TSV Calw – TV Unterhaugstett 1:5 (5:11, 10:12, 7:11, 11:4, 5:11, 9:11). Der TV Unterhaugstett hatte in der Walter-Lindner-Halle mit 11:5 im ersten Satz den besseren Start. Im zweiten Durchgang waren die Gastgeber bis zum Stand von 10:9 oben auf. Dann gelang es Robin Gensheimer, den Machtball abzuwehren. In der Verlängerung hatte der TSV Calw das zweite Mal das Nachsehen.
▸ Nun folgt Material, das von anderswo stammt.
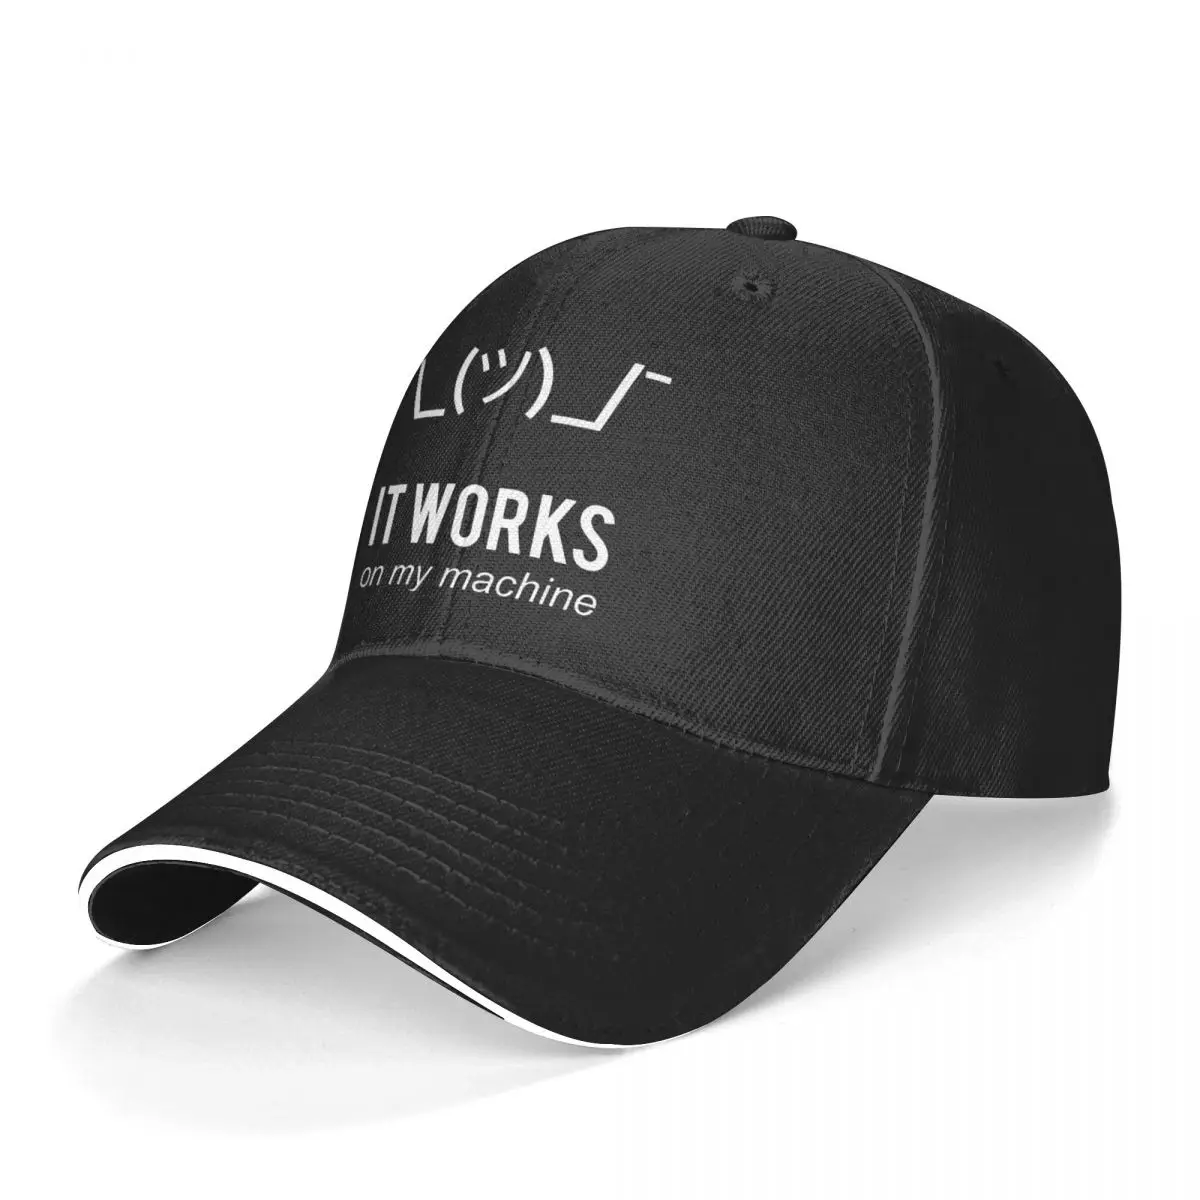 Programmer Baseball Cap Shrug it works on my machine Skate Sun-Proof Hip Hop Hats Fitted Printed Men Snapback Cap

Dennoch schöpften die Gastgeber Mut aus diesem Match. Die Partie wurde ausgeglichen, aber mit 11:7 hatten die Unterhaugstetter weiter die Nase vorn. "Im vierten Satz folgte von unserer Seite eine schwache Leistung", sagte Sebastian Buck über den Anschluss der Calwer zum 1:3. Das war jedoch kein Beinbruch. Der TVU konterte nach dem Seitenwechsel mit 11:4 zur 4:1-Führung. Der sechste Satz war mit 11:9 zwar knapp, aber an eine Wende im Derby glaubte zu diesem Zeitpunkt niemand mehr.

Die Calwer setzten auf eine "Not-Anfangsformation" mit Bernd Bodler, Philipp Kübler (Angriff), Nick Stoll (Zuspiel), Lukas Gruner und Mathias Zierer (Abwehr). Dafür war die Leistung laut Trainer Thomas Stoll in Ordnung. "Leider haben wir es aber nicht geschafft, auf’s Spielfeld zu bringen, was wir in Schweinfurt gezeigt haben. Sonst wäre mehr drin gewesen", sagte er. "Unser Zuspiel muss aggressiver werden, wir müssen es schaffen, unsere Angreifer so zu lenken, dass sie besser gegen die Wand spielen können."

TV SW-Oberndorf – TSV Calw 5:2 (7:11, 11:7, 10:12, 11:6, 11:6, 11:3, 11:5). Einen überraschend starken Auftritt hatten die ersatzgeschwächten Calwer am Tag zuvor gegen den TV SW-Oberndorf gezeigt. "Bernd Bodler hat im ersten Satz super Angaben gemacht und sehr gut geblockt", beobachtete der verletzte Calwer Hauptdarsteller Raphael Schlattinger von der Tribüne aus. "Allerdings konnten wir den ersten Ball nur in wenigen Situationen richtig kontrollieren. Dennoch war das Zuspiel meist gut." Die Kurzbälle kratzte der flinke Philipp Kübler fast alle vom Boden, ihm unterliefen aber auf der ungewohnten Zweitschlagposition einige Angriffsfehler. Der TSV Calw überraschte die Schweinfurter aber immer wieder und führte zur Zehn-Minuten-Pause mit 2:1.

Die Franken wechselten nun den in den vergangenen Wochen verletzt fehlenden Fabian Sagstetter ein und der Star auf Oberndorfer Seite schaffte es umgehend, Struktur in das Spiel zu bringen. Die Ballwechsel wurden länger, der zwei Meter lange Oliver Bauer und Jaro Jungclaussen punkteten immer häufiger. Auf Calwer Seite fehlten die Kraft und Kondition, um noch etwas entgegensetzen zu können.